Como consequência, os atrasos salariais passaram a ser constantes, embora representantes da cúpula admitam que apenas os vencimentos dos diretores estão em atraso. Em rápida conversa com a reportagem por conta de compromissos particulares, o diretor de Operações do Porto, Victor Lemos, demonstrou otimismo e disse que haverá “boas novidades” na próxima semana.

– Na verdade, existe ainda apenas um item pendente dos vários requisitos exigidos pela Receita. É na parte do sistema de rede dedicada do Serviço Federal de Processamento de Dados (Serpro), mas até a próxima semana vai ficar tudo equalizado – comentou Victor, que disse ainda que os diretores estão “cortando na própria carne”, em referência aos atrasos salariais.

Mas esse não é o panorama pintado por outras pessoas que vivem o drama de perto. Segundo uma funcionária que pediu para não ser identificada, os problemas vão muito além da transmissão de dados. Ela relata ainda que os atrasos salariais viraram rotina, inclusive para diretores, que não recebem há cinco meses.

– Pegaram o galpão de uma empresa cheio de sujeira, com cocô de pombo. Uma imundície mesmo. Levou tempo pra acertar essa primeira parte. E com isso, apareceram outras coisas: acesso errado das pessoas no porto; área alfandegada sem fiscalização do porto; área com material importada sem cercas.
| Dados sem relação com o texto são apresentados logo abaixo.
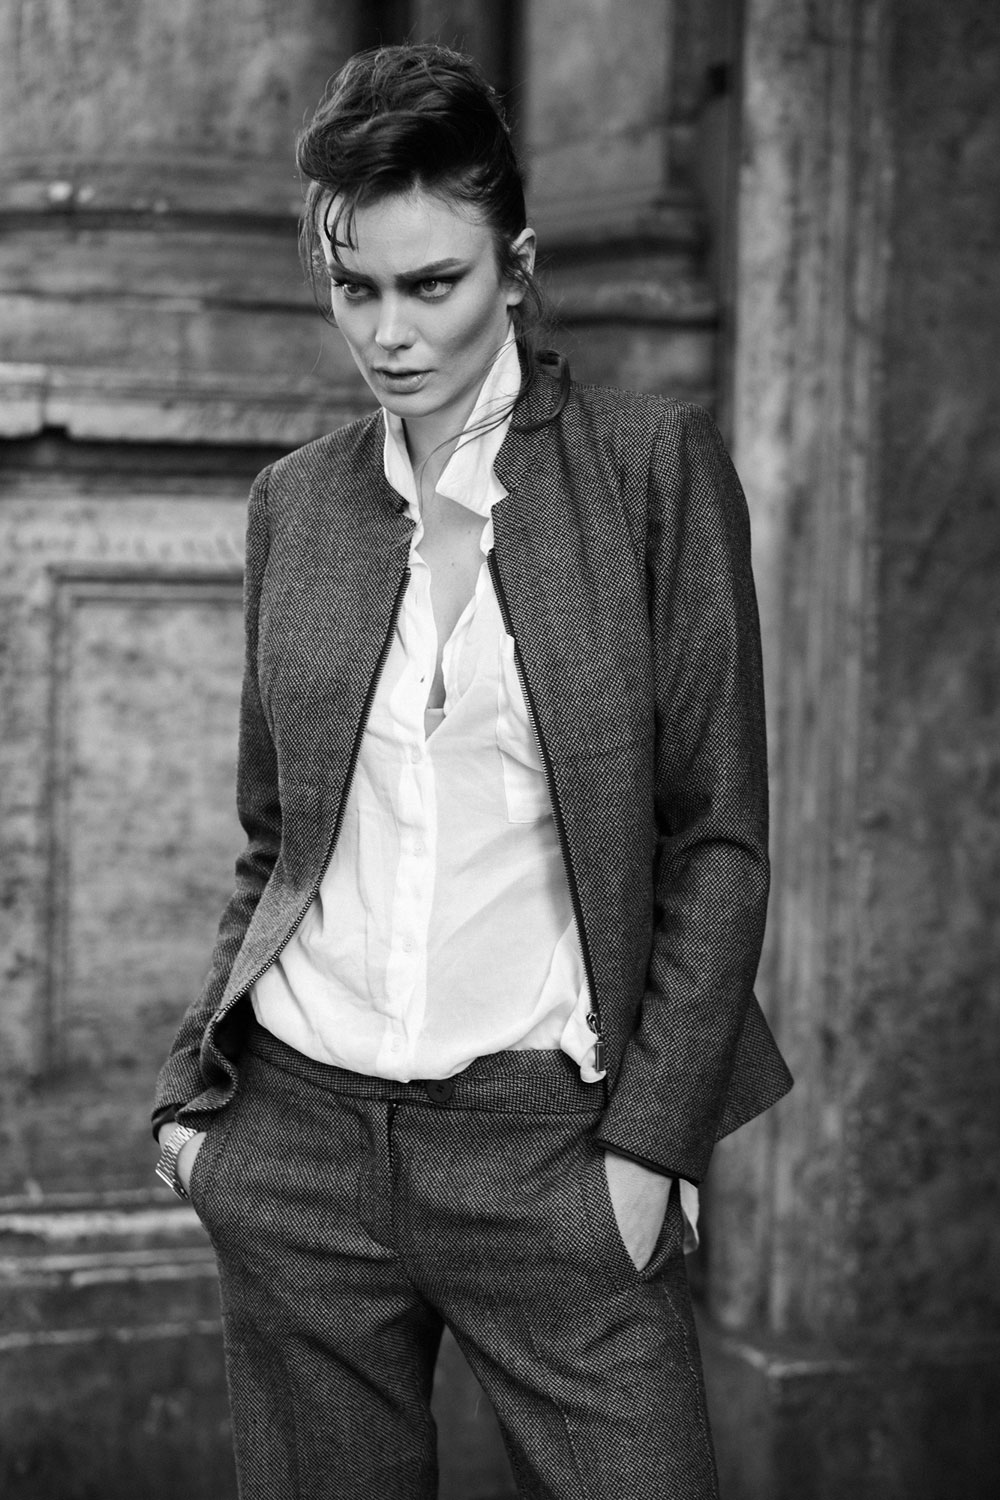 חליפה, לורד קיטש; חולצה, me.she; שעון, אוסף אישי (צילום: רונן פדידה)

Também não tem mais segurança tem tempo – descreve a fonte.

Ainda de acordo com a funcionária, o Porto adotou a estratégia de pagar parte do pagamento por meio de ‘vales’.

Por fim, ela afirma que o Porto deve em tributos mais de R$ 5 milhões à Receita, fato que já tinha sido negado pela diretoria à Folha em outra oportunidade.

Até o fechamento desta edição, a delegacia da Receita de Niterói, responsável pela fiscalização do Porto do Forno, não respondeu aos questionamentos da reportagem, tampouco confirmou as dívidas tributárias.

Licenciamento – Se junto aos órgãos tributários, as coisas não vão nada bem, o mesmo não pode-se dizer da situação ambiental.
O Ibama informou que a renovação da licença para operação do terminal já foi emitida, mas depende do pagamento de uma taxa de R$ 42 mil.
Não há prazo para a quitação da taxa, mas caso ela não seja paga, pode resultar em multa e embargo das atividades, mas a licença em si não é cassada. Vale ressaltar que o licenciamento, feito em 2011, permitiu ao município receber os royalties do petróleo.